Input data below:
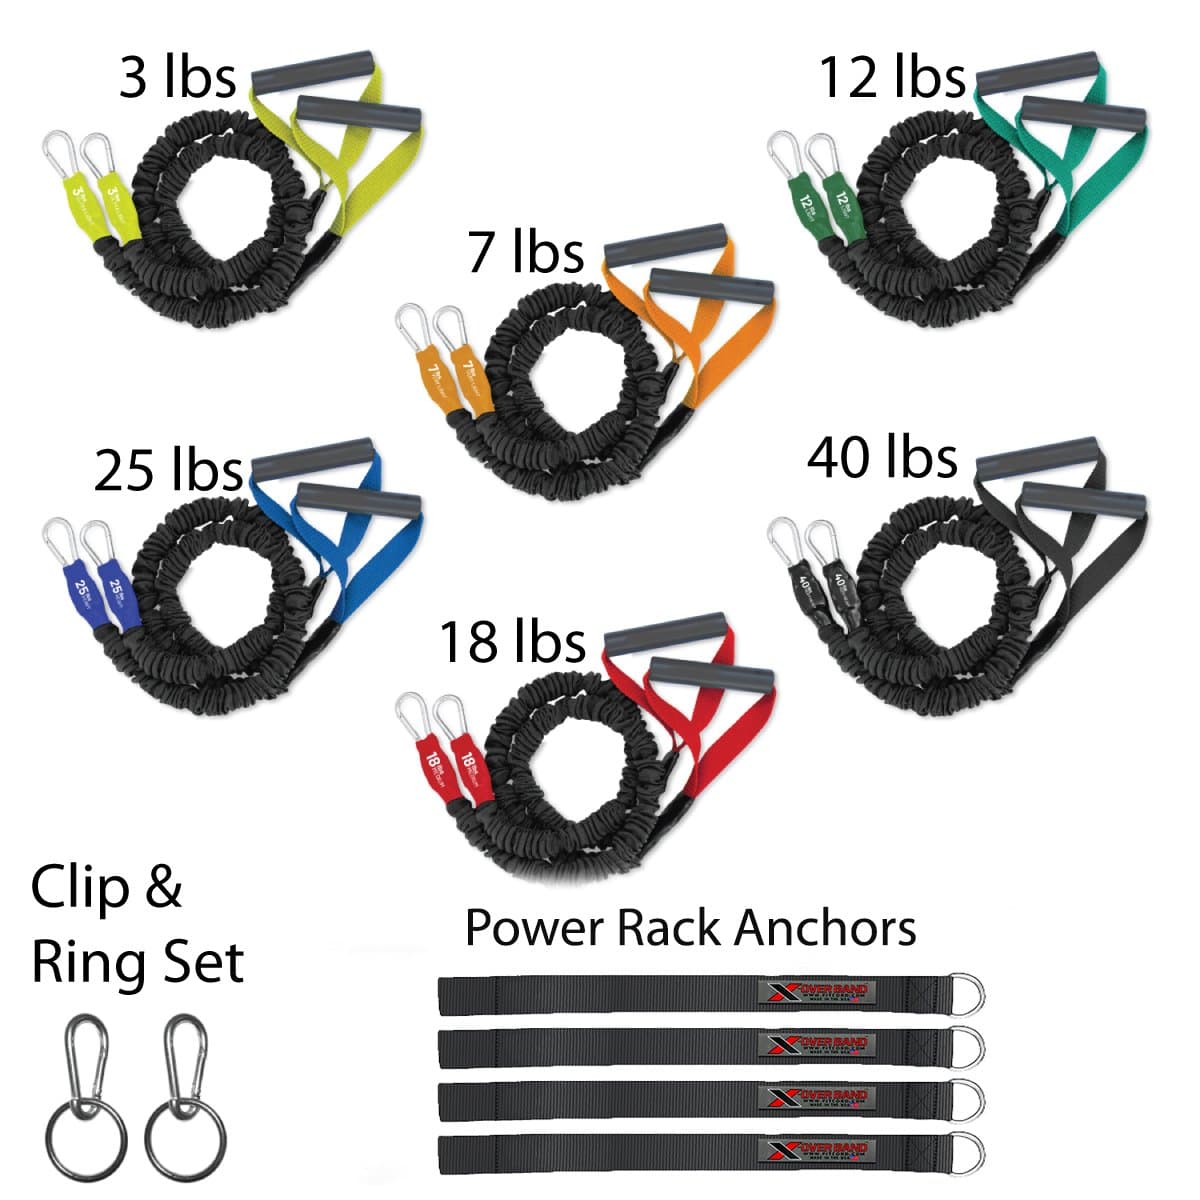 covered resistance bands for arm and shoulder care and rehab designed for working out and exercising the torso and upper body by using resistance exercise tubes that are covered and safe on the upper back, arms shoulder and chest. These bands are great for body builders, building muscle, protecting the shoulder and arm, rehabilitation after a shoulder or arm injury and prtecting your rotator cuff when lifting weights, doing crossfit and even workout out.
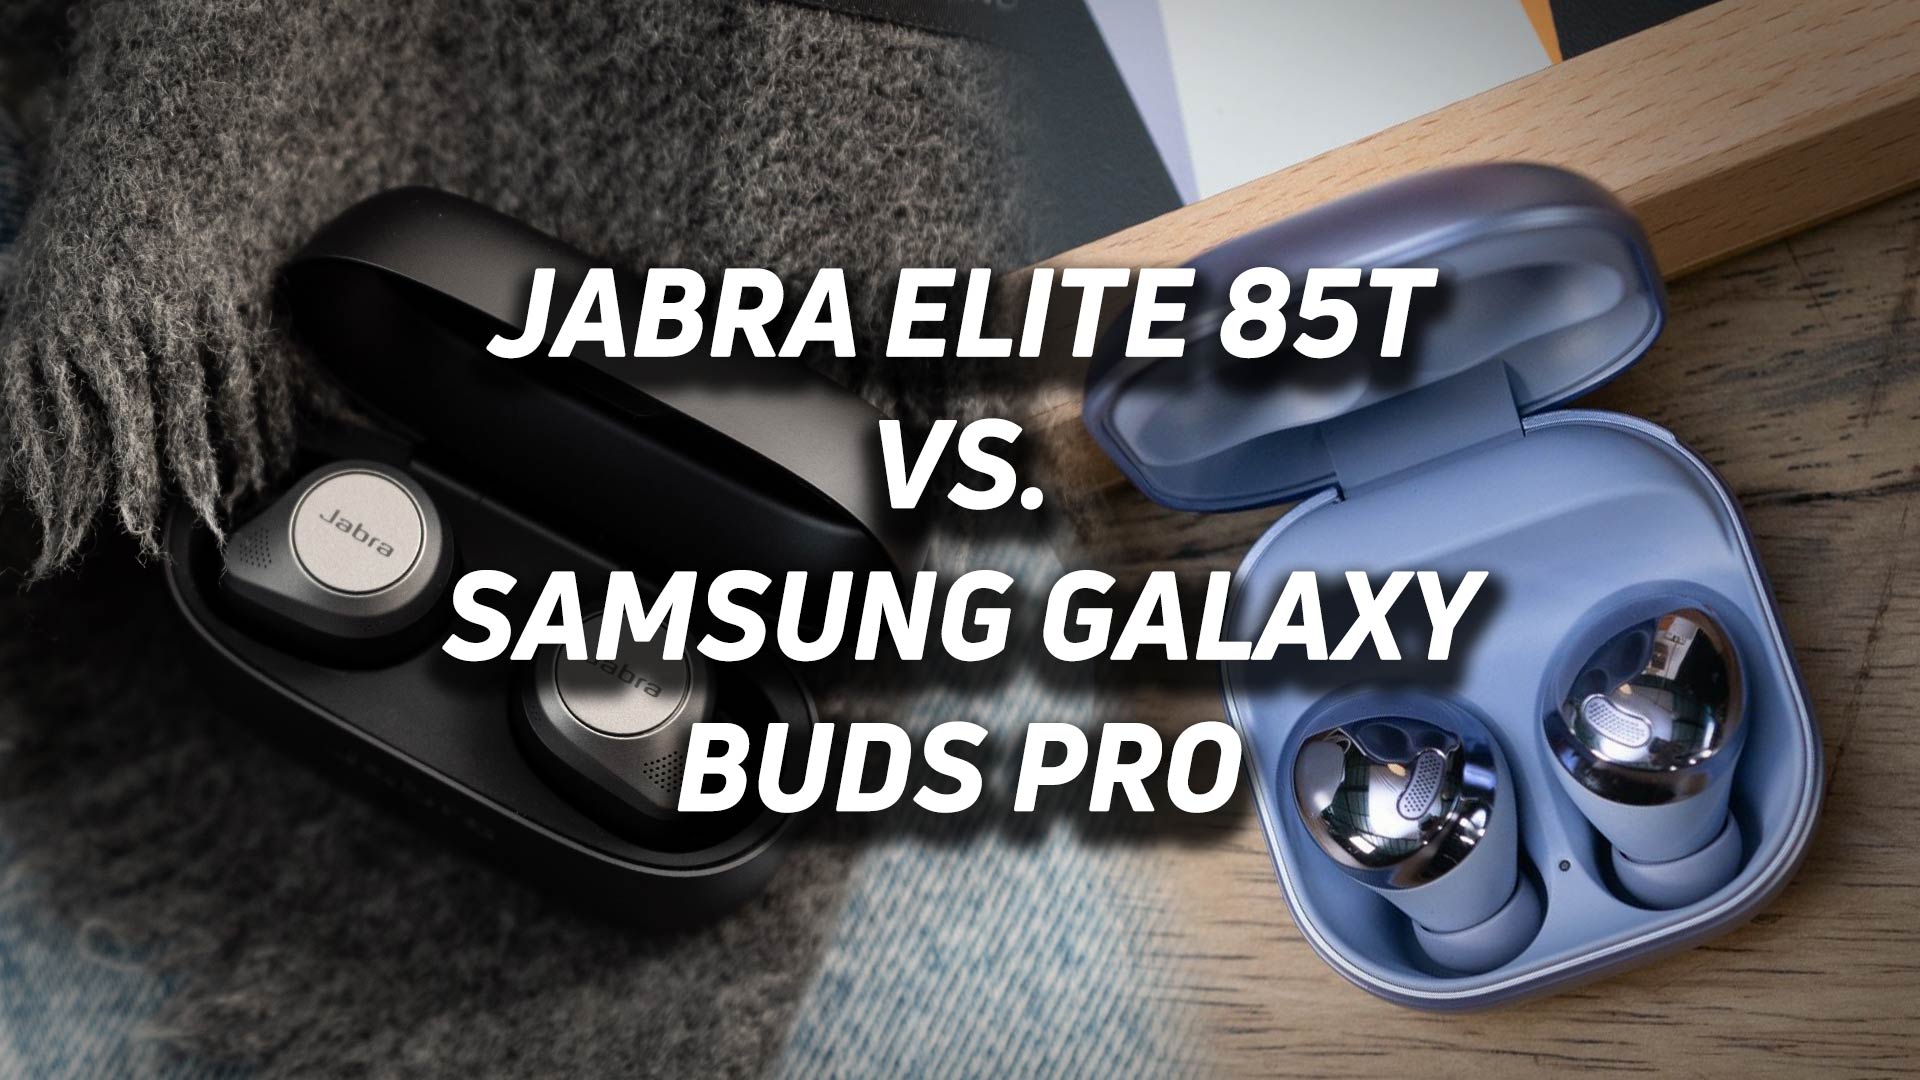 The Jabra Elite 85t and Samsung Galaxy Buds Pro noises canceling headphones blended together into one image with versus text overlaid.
End of Input data.
Input data below:
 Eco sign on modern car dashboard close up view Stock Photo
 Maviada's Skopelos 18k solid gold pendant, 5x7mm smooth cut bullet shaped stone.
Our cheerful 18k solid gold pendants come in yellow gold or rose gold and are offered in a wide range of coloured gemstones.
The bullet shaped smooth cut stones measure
End of Input data.
Input data below:
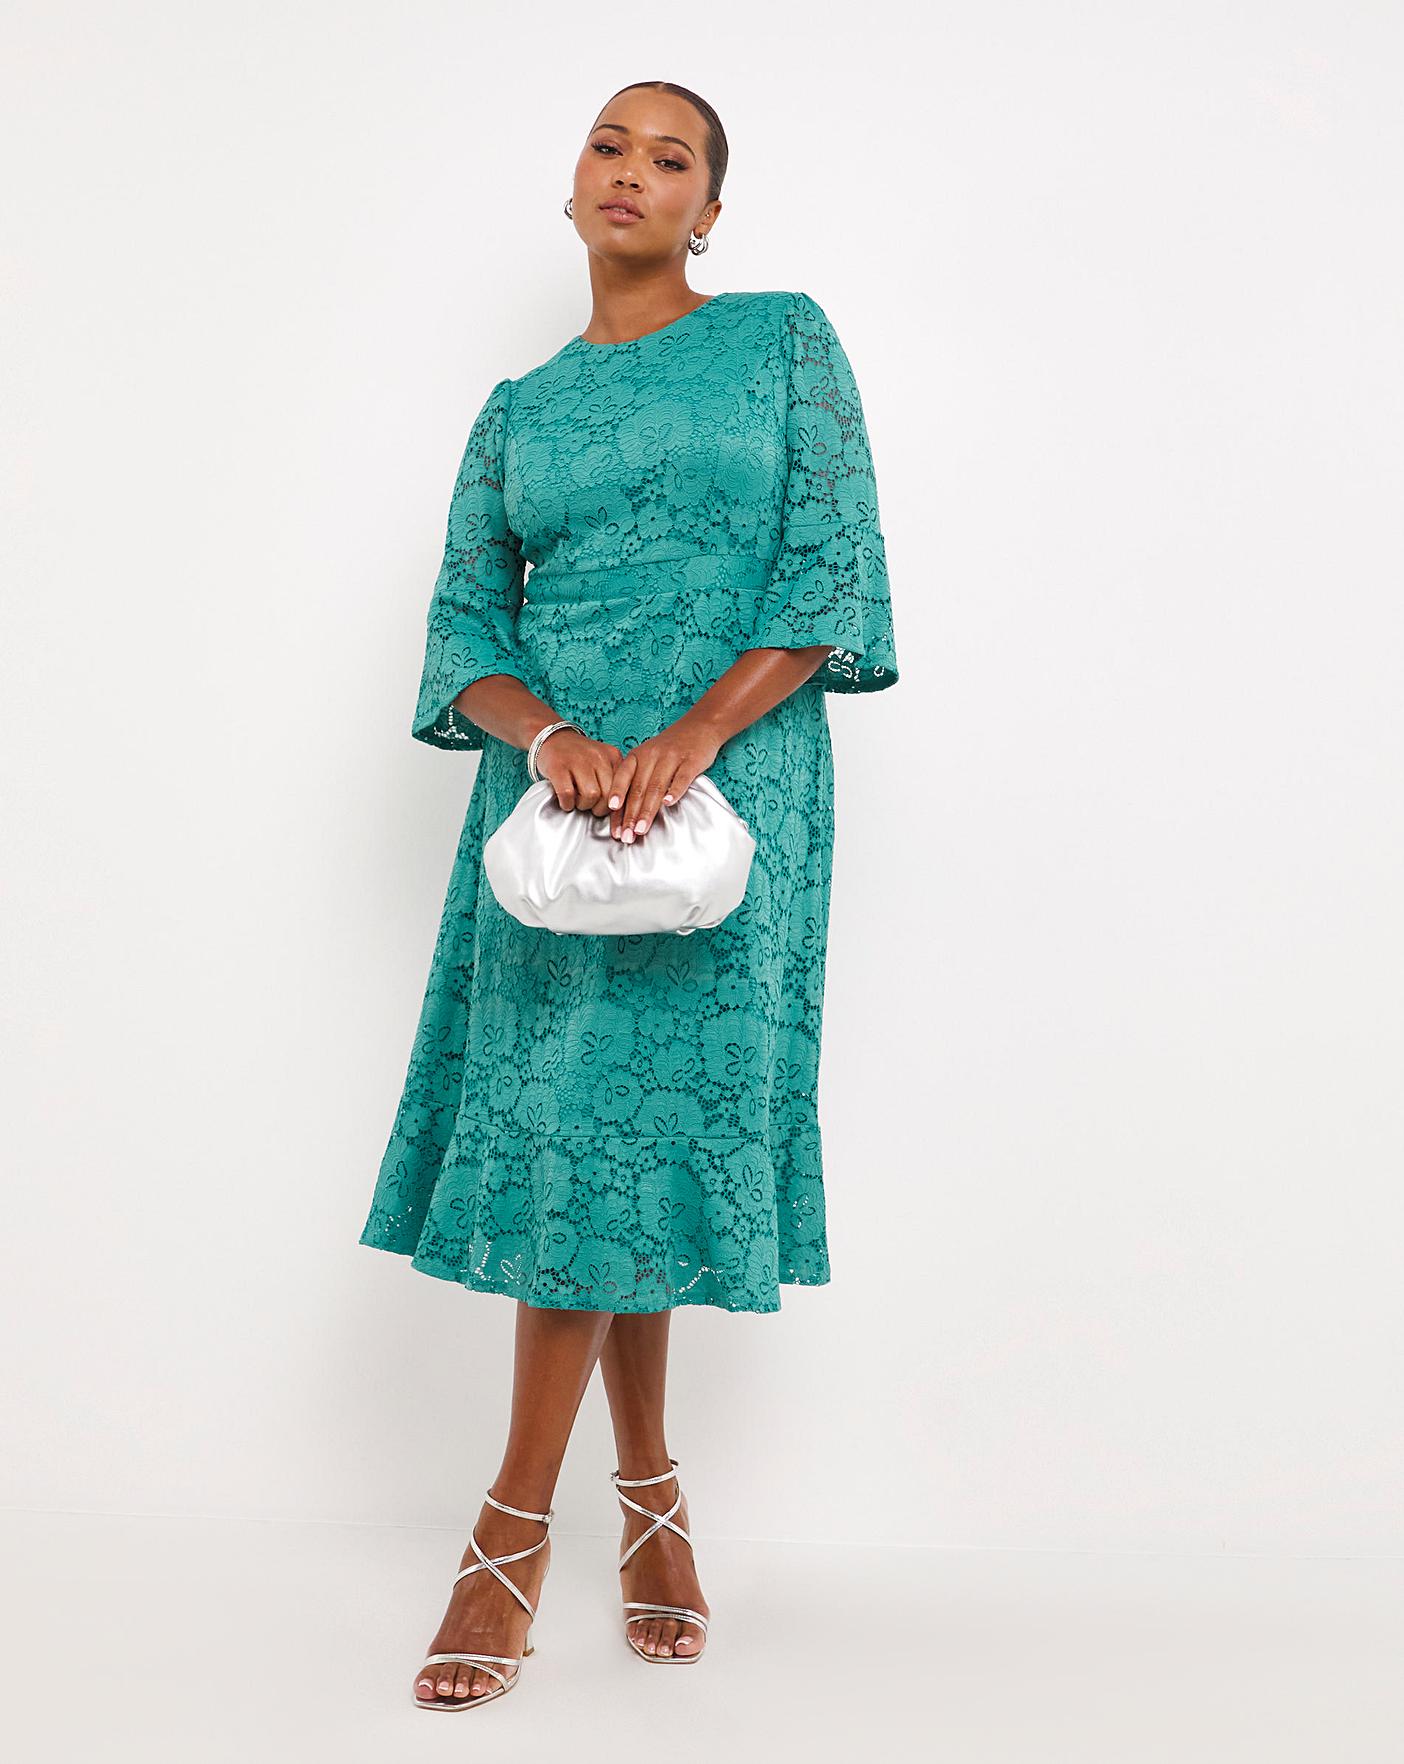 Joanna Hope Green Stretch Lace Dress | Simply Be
End of Input data.
Out of the records above, return only the lines from the one with "covered resistance bands" through the one with "The Jabra Elite", exactly, and none of the pictures.

Solution to this task:
 covered resistance bands for arm and shoulder care and rehab designed for working out and exercising the torso and upper body by using resistance exercise tubes that are covered and safe on the upper back, arms shoulder and chest. These bands are great for body builders, building muscle, protecting the shoulder and arm, rehabilitation after a shoulder or arm injury and prtecting your rotator cuff when lifting weights, doing crossfit and even workout out.
 The Jabra Elite 85t and Samsung Galaxy Buds Pro noises canceling headphones blended together into one image with versus text overlaid.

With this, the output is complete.